Bebí un poco más de infusión mientras le escuchaba. Había menta y algo ¿cítrico? Paseé los ojos por el patio buscando verbena o citronela, con la nariz hundida en la taza. Y me vino la imagen de una noche de verano, yo con unos shorts blancos y un top azul pavo real y sandalias. Y las risas flojas con dos amigas de la urbanización mientras espiábamos a un chico que nos gustaba.

̶  A veces  ̶ prosiguió, los ojos ahora azul desvaído ̶ , los recuerdos desempolvan talentos que uno abandonó olvidando la propia valía, recuperan sueños enterrados en el frenesí de una vida planificada por otros o despiertan aspiraciones arrinconadas por el trajín del día a día.

Me miraba con la cabeza ladeada como la de un pinscher curioso. Seguía abrazando la taza con las manos pero no bebía. Yo sí y me inundó un aroma que no pude asociar a ninguna planta en concreto. Era un poco una mezcla de tierra mojada, amable y suave, y de ropero antiguo, dulcemente rancio. Parpadeé sorprendida. Dentro de mí sentí una pelota pequeña y dura que ascendía por mi pecho y quería subir por mi garganta.

Di otro trago para que la pelota volviera a bajar y, esta vez, el sabor fue rotundo, áspero como la lengua de un gato y pastoso como el regusto de café malo en el fondo de la boca. La pelota se había instalado en el esternón y frenaba el aire que quería entrar en mis pulmones. Parpadeé de nuevo e intenté concentrarme en lo que me decía el vendedor de sueños.

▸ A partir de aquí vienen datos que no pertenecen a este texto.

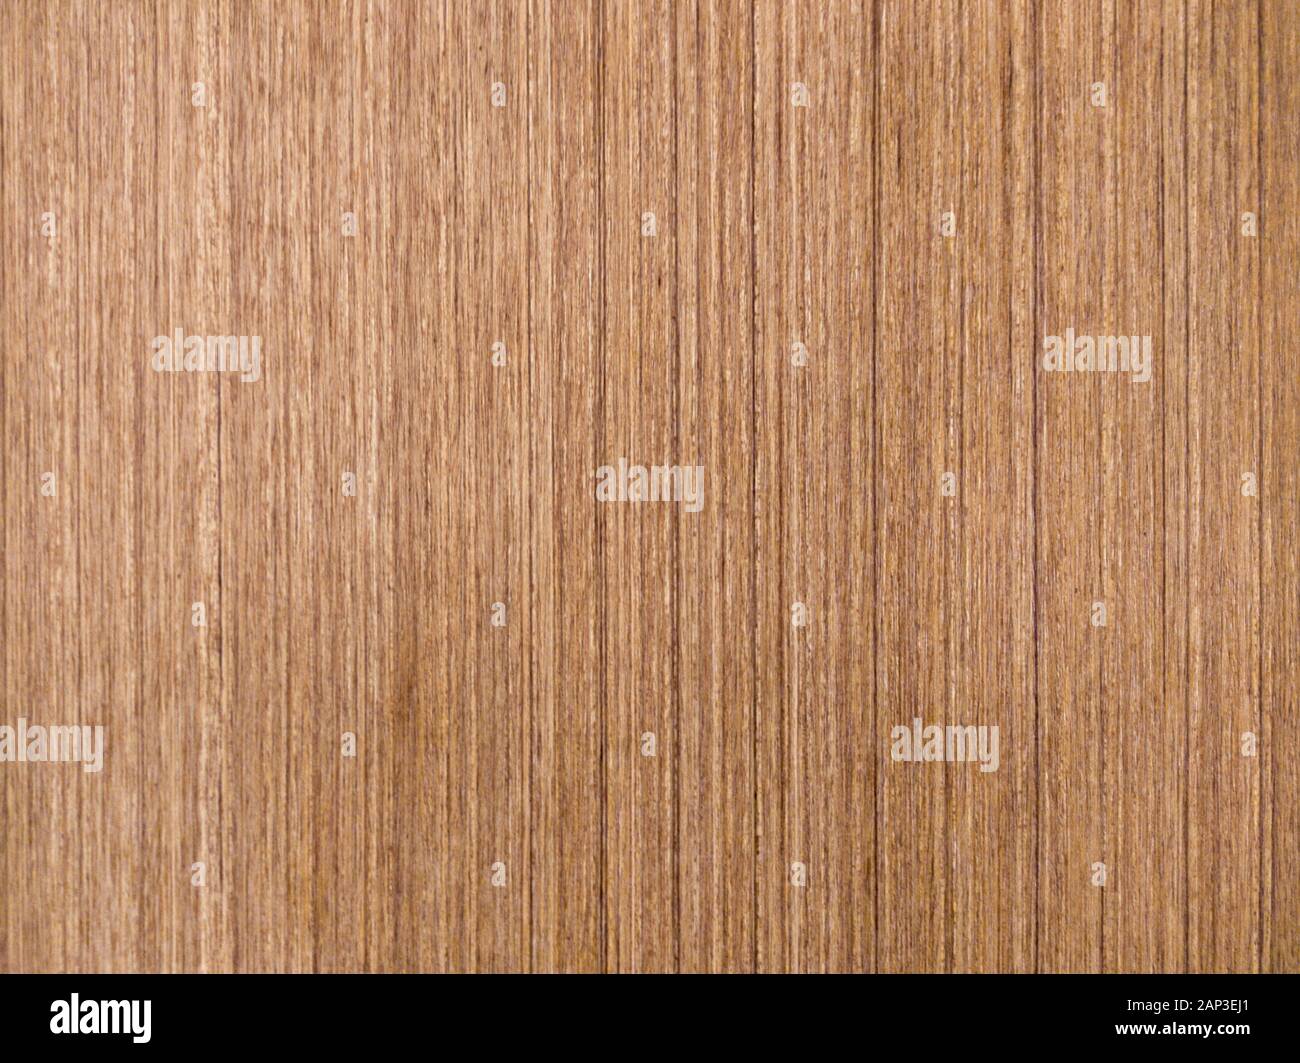 Wood texture background - wooden surface, vertical stripes Stock Photo

̶  Cada persona es distinta. Cada situación, diferente. Cada momento, único. En realidad, nunca se sabe qué recuerdos van a salir, ni cuáles van a remover algo. Pero siempre, siempre, se produce algún cambio. Luego depende de la persona qué hacer con lo que ha recordado, con lo que ha sentido o descubierto. Pero siempre notan que algo en ellos ha dejado de ser como era. Por eso hablan de mí. Por eso vienen algunos. Por eso no se acercan muchos. ¿Crees que sólo la curiosidad te ha traído hasta aquí?

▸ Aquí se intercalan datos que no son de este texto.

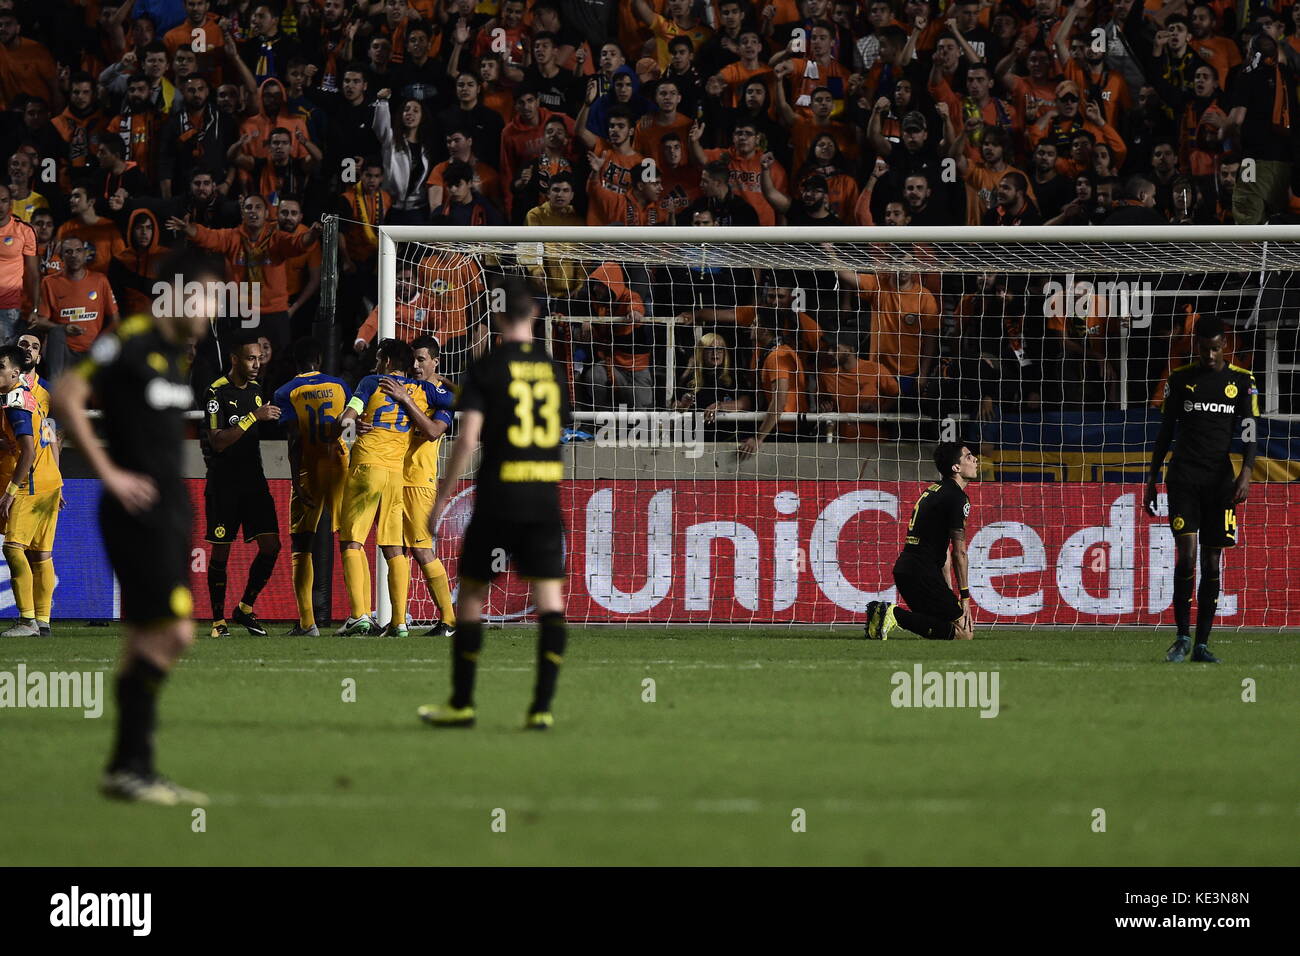 Nicosia, Cyprus. 17th Oct, 2017. Dortmund's players leaves the field after the 1-1 draw at the Champions League group stages qualification match between APOEL Nicosia and Borussia Dortmund in the GSP Stadium in Nicosia, Cyprus, 17 October 2017. Credit: Angelos Tzortzinis/dpa/Alamy Live News Stock Photo

̶  No… no sabría decirlo  ̶ las motitas ámbar brillaban en sus iris. Recuperé la respiración y tragué una vaharada fragante, llena de luz y calor cosquilleante que disolvió la pelota de mi pecho, pero algo revoloteaba ahora en mi cabeza y no conseguía atraparlo ̶ . Usted ha dicho que me esperaba… ¿lo ha soñado? ¿es clarividente o algo así? ¿una especie de chamán?

El vendedor de recuerdos volvió a sonreír sin sonreír y se inclinó hacia delante en la mesa.

̶  Hay algo que necesitas recordar. Por eso estás aquí.